Die Verbesserungen in verkehrlicher und wirtschaftlicher Hinsicht hat die Bahn noch nicht klar machen können, ihre Wirtschaftlichkeitsberechnungen bis heute geheim gehalten. Offensichtlich wäre das Projekt ohne die Millionenzuschüsse des Landes (Flughafen!) nicht wirtschaftlich gewesen. Gehört dazu auch die Einsparung von Zugpersonal - Gerüchte sprechen von vielen Lokführerstellen - wegen der kurzen Haltezeiten im Durchgangsbahnhof auf Kosten der Reisequalität in Richtung Pünktlichkeit und Umsteigen?

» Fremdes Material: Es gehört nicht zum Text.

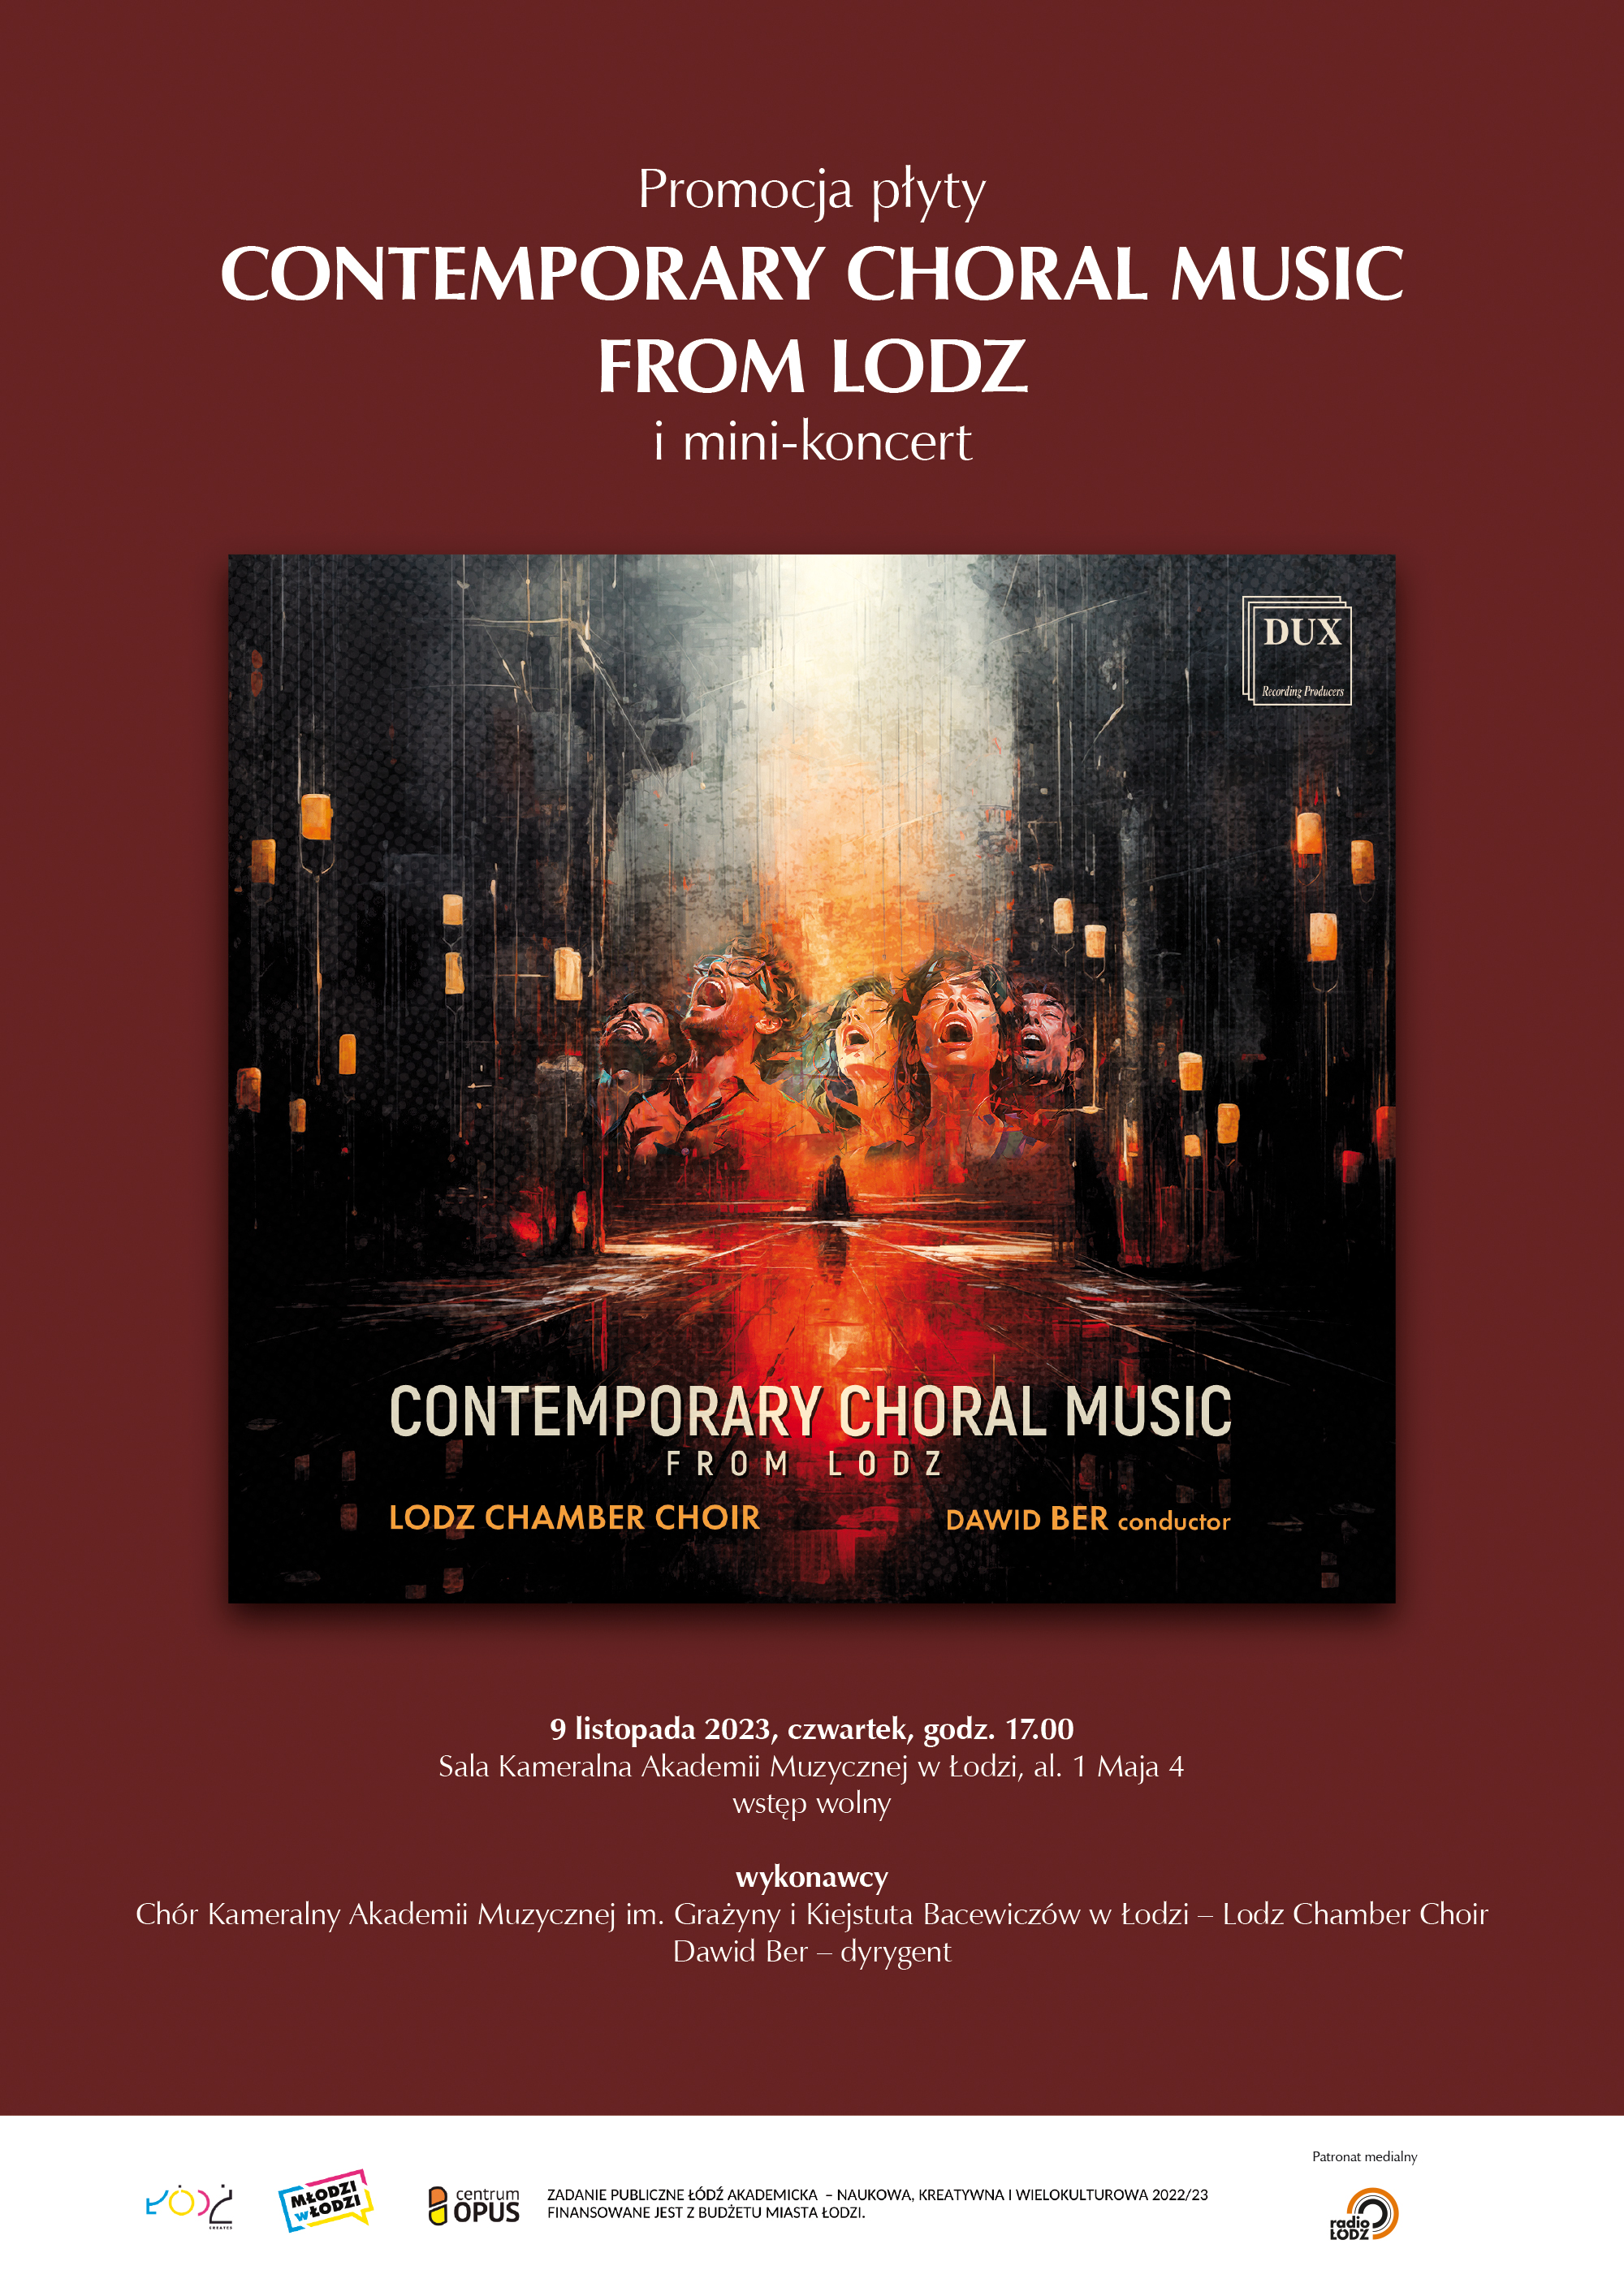 Promocja płyty CONTEMPORARY CHORAL MUSIC FROM LODZ i mini-koncert

Schwelbrand löst Rauch aus

Zum Blog "Die Realität" vom 19.09. eine Mail von heute aus dem Universitätsgelände Vaihingen:

"...meine Nachbarin berichtete, dass ihr Mann gesehen hätte an der Haltestelle Universität am 18.9. ungefähr um 15 Uhr Feuerwehr, Krankenwagen und Polizei und starke Rauchentwicklung, "da wären  wohl Leute hochgebracht worden". Ich konnte weder bei Google, Stuttgarter Zeitung und Polizeibericht etwas darüber herausfinden. Dein Eintrag scheint aber die Störung zu bestätigen, es war wohl zwischen Schwabstr. und Uni etwas los. Wird das vertuscht aus Angst vor schlechter Presse wegen S 21? Vielleicht findest Du noch was heraus, ich werde auch noch rumfragen."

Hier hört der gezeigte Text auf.